This is an FAQs Automatic scraping from help centers articles using Scrapy tool, by saying Automatic I mean providing a list of companies and their HelpCenter URLs, and the scraper will start automatically follow all the internal articles and extract FAQs as a (Question, Answer) pairs.
currently, there are two types of operations to do in the scraper:
- general: scraping general HelpCenter content.
- zendesk: scraping Zendesk companies.
the scraper read a list of companies and start scraping the info, it writes to JSON files, a folder for each company.
this is a straight-forward one , Zendesk simply have a common patter in their URL,
f'{company_domain}/api/v2/help_center/en-us/sections.json',
f'{company_domain}/api/v2/help_center/en-us/articles.json'
by simply telling the spider to follow those links you can get all the articles, and their sections which I did in zendesk_spider.
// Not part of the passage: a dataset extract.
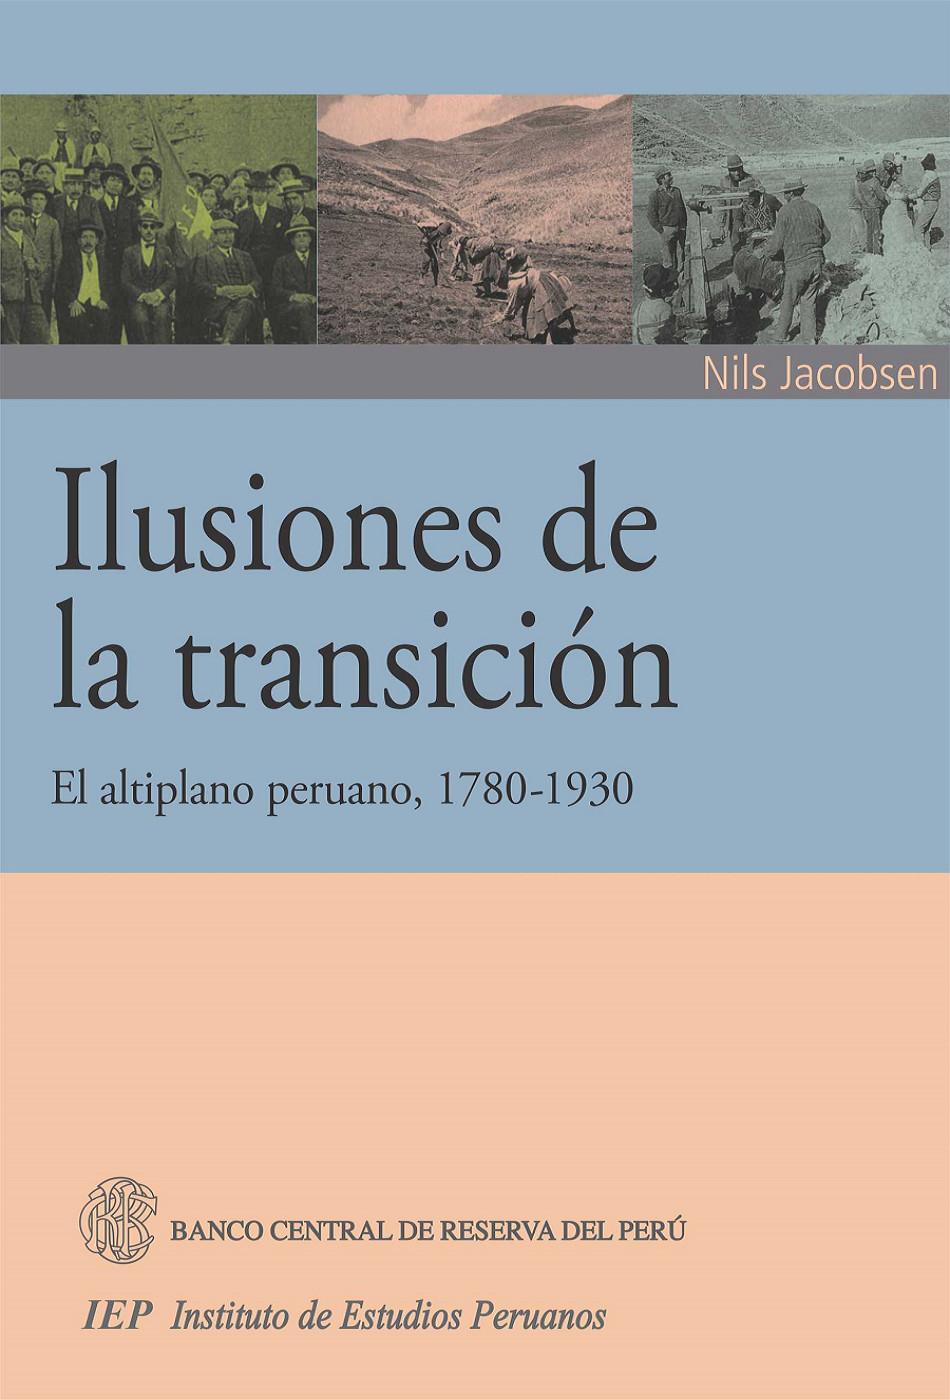 Ilusiones de la transición
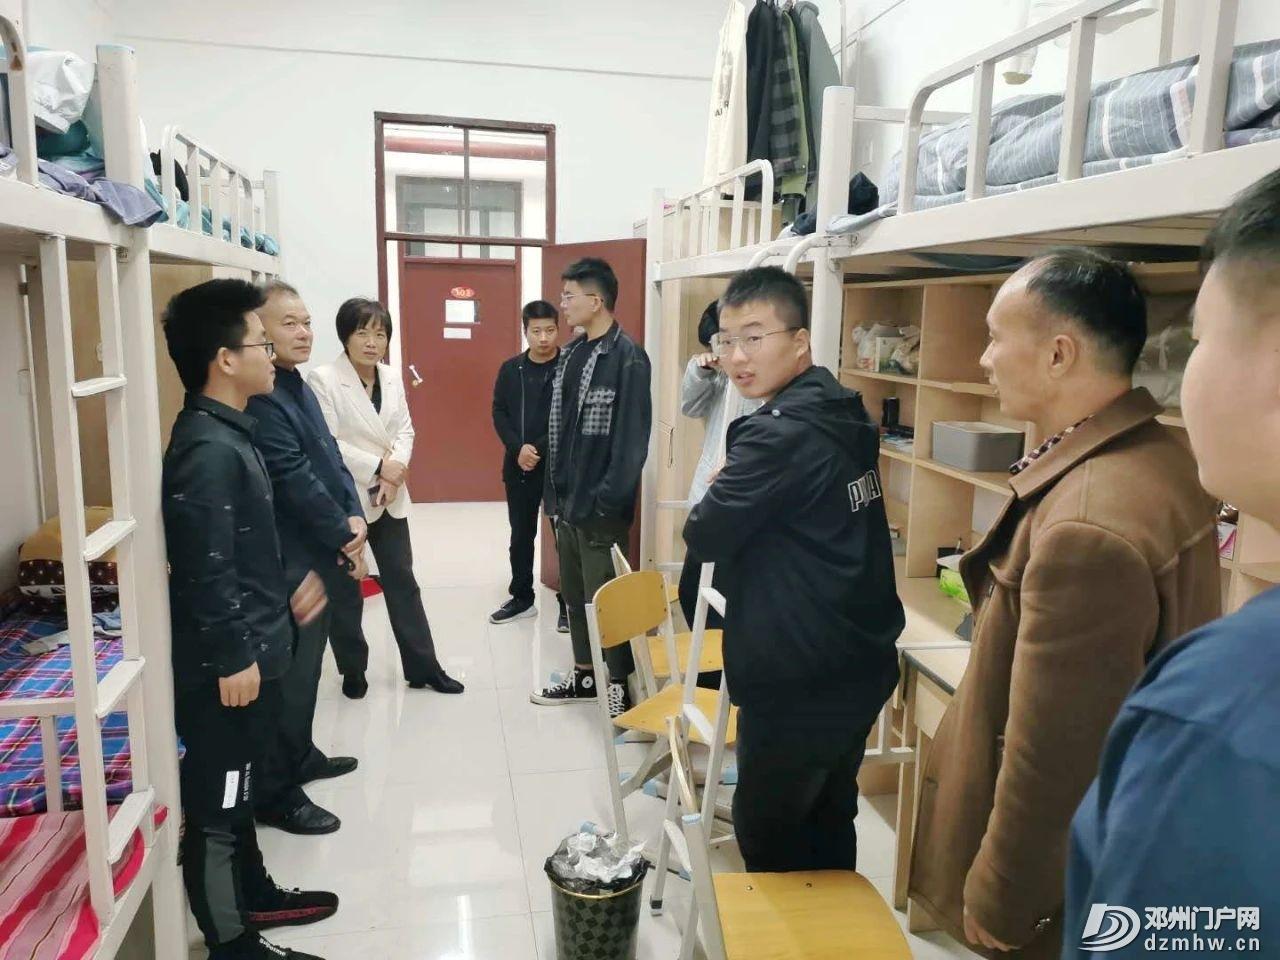 南阳科技职业学院喜迎2020级新同学! - 邓州门户网|邓州网 - 92bdd2ae2d6b89e30dd312b085642e93.jpg

this is the tricky one, here the objective is to scrap any other help-center URL by following the tree pattern if exists the tree pattern is simply start_url>>start_url/categories>>start_url>>category>>article. to do that I keep recursively following the pattern while being careful, to avoid hitting URLs that are not help-center articles. after that, I store all the HTML content I get and start processing them as a tree looking for the last HTML page that contains the article and extract FAQS from it.
to build and run the scraper
docker build -f scraping_docker -t scraper .
docker run scraper -f filename -t operation_type
to build and run the processor
docker build -f processing_docker -t processor .
docker run processor -f filename -t operation_type
you can use AWS and MongoDB with this project , it will require more configurations, but I added writes and pipelines that can help to do that.